The listing that follows must be retyped exactly, without its pictures.
-------- Data excerpt --------
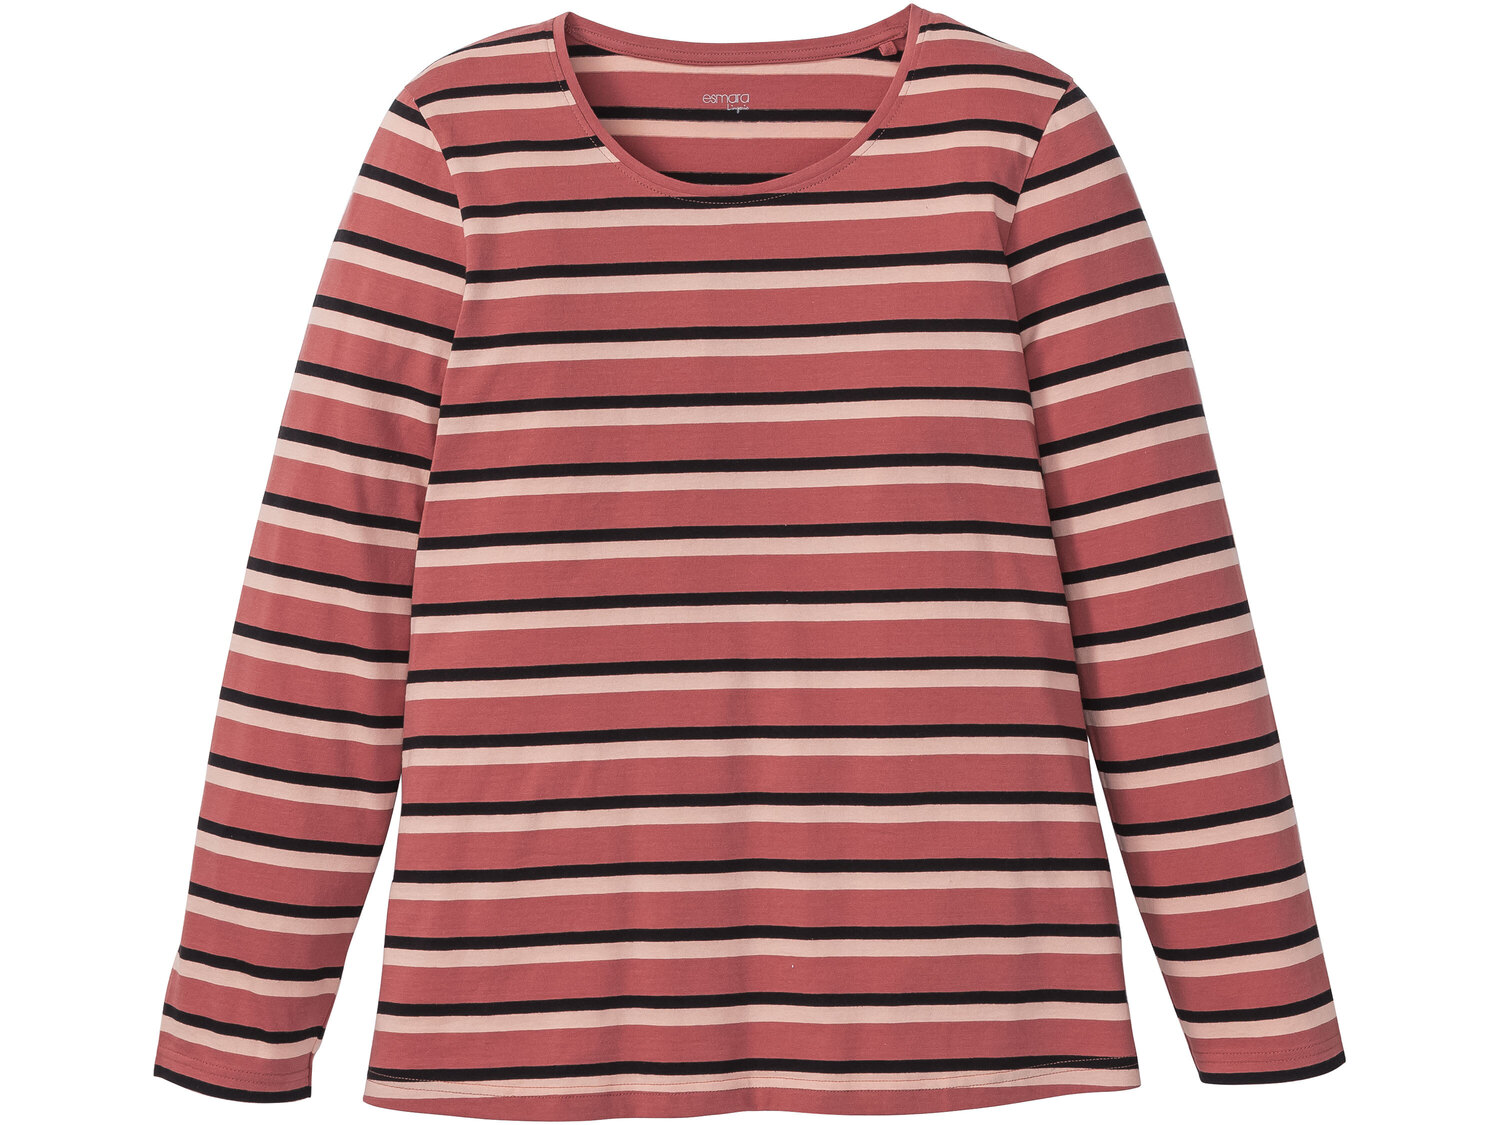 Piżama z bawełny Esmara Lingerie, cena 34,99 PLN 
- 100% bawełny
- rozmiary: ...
--------
_Result of the task_.
 Piżama z bawełny Esmara Lingerie, cena 34,99 PLN 
- 100% bawełny
- rozmiary: ...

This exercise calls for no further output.